К Онофрейчуку подходит бородатый темноглазый человек в черной одежде. Это Юрий — один из тех людей, который таскал в дом еду. «Гуманитаркой я сам был, — рассказывает он, усмехаясь. — Пока магазины были, мы их взламывали. Другого варианта не было».

— Вы не боялись, что вас убьют?

— Горилка его спасала! — смеется Сергей Иванович.

— Была бы храбрая вода, пофиг! — подтверждает сам Юрий. — Богато было храброй воды.

Младшим детям взрослые старались объяснять происходящее так, чтобы было не очень страшно, говорит Сергей Онофрейчук: «Что мы говорили? Бандиты, надо прятаться». В семье заметили, что младшие девочки теперь играют в оккупацию:  «“Ой, бандиты сейчас придут, бежим в погреб”. И под стол».

12 марта, когда российские военные приходили к дому в последний раз, Онофрейчук попытался с ними поговорить. «Я русскоязычный человек, я родился в Крыму, здесь с 2000 года в Буче живу. Я говорю — ребят, как долго это может происходить? — вспоминает он. — Когда это закончится, что вообще происходит? У нас же ни связи, ничего нет. “От нас это не зависит”. Развернулись и ушли». 
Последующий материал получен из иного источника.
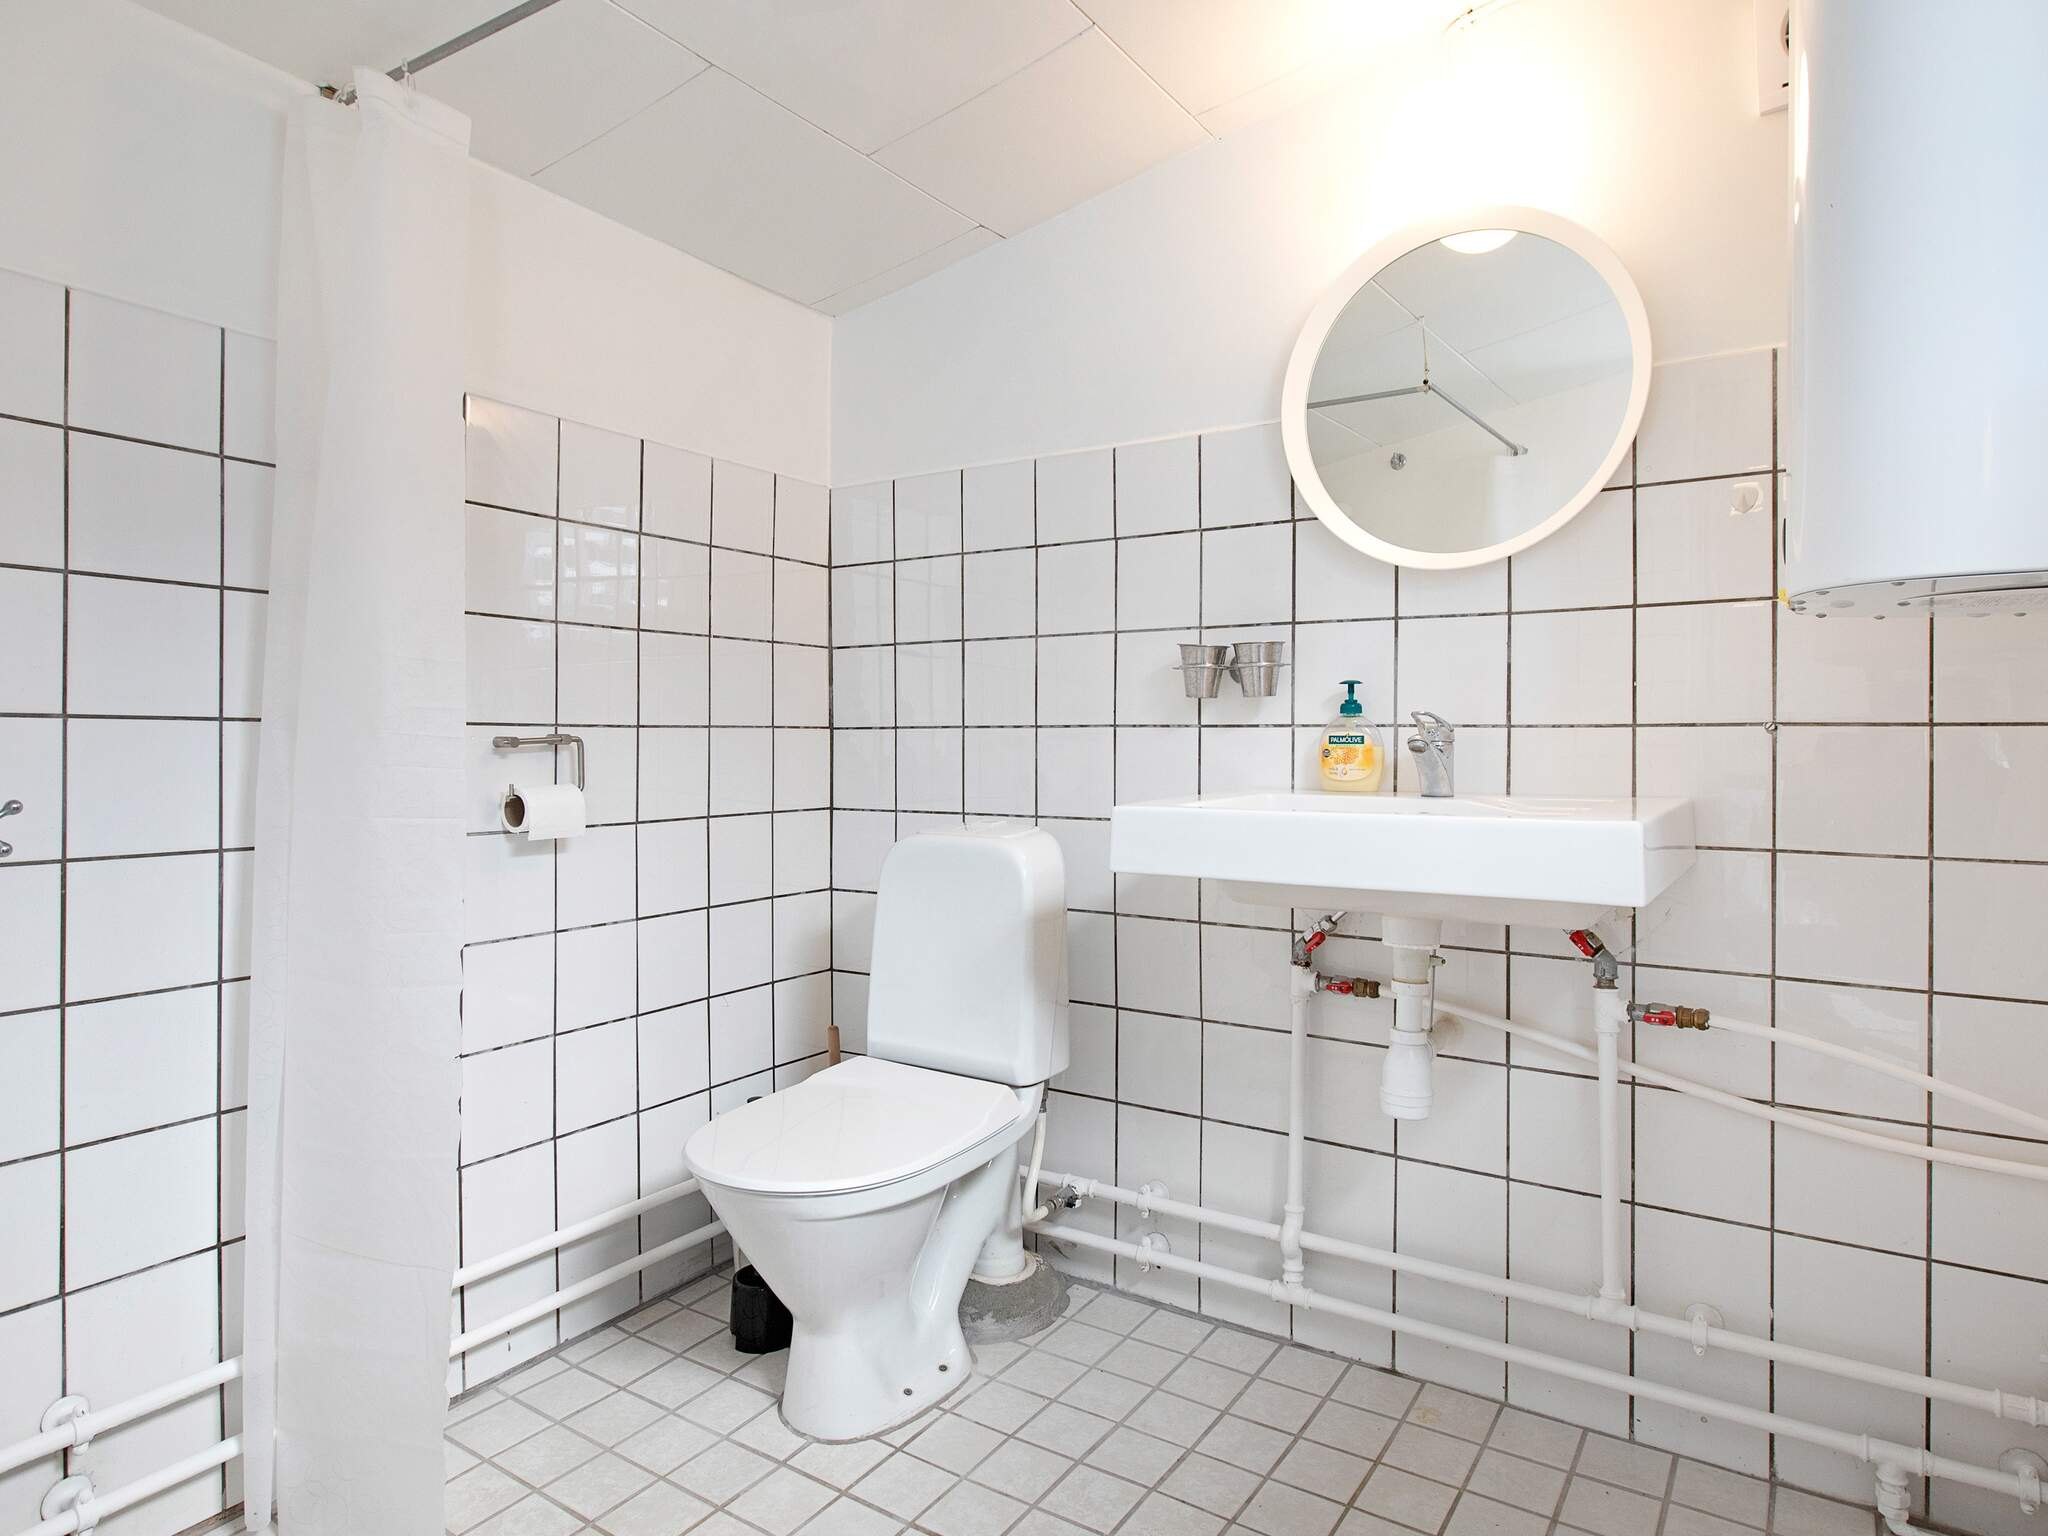 Ferienhaus Vig Lyng (2552234), Vig, , Westseeland, Dänemark, Bild 8

У отца Сергея Онофрейчука в Крыму живет сестра. Мужчина описывает свой разговор с тетей: «”Вы ничего не понимаете, вас приехали спасать”. Я говорю, зачем нас спасать? Мы что, тонули? Мы свободные люди».

Ночь — это самое плохое время суток
Ночь — это самое плохое время суток
Улицы Бородянки

***

Глава областной полиции Андрей Небытов говорит, что в Киевской области уже найдены тела 1045 мирных жителей. Большинство из них — 908 — были обнаружены на территории Бучанского района, куда входит и Бородянка. «Это гражданские лица, которые не имели отношения ни к территориальной обороне, ни к военным формированиям, — подчеркивает Небытов. — Большинство из них, 50-75%, расстреляны из автоматического оружия или пулеметов. Есть и другие, кто погиб от мин и взрывов, обстрелов “Градами”».

Замначальника отделения полиции №2 Бучанского района Вадим Чернышук с коллегами работает в здании местной школы. Он говорит, что в Бородянке уже выданы направления на вскрытие 80 трупов, большая часть тел — около 60 — имеет признаки насильственной смерти. И.о. главы Бородянки Георгий Ерко сказал «Холоду», что под завалами нашли 41 тело, а еще у 20 человек были обнаружены огнестрельные ранения.

Небытов уверен, что массовое захоронение на территории больницы в Бородянке — не последнее. «[Жители] вернулись, посетили свои дома, посмотрели в свои погреба, в свои колодцы, — а там есть люди, — говорит он. — Нам каждый день приходят сообщения: там нашли тела, там есть захоронение, там только [ямы] с номерными знаками или табличками».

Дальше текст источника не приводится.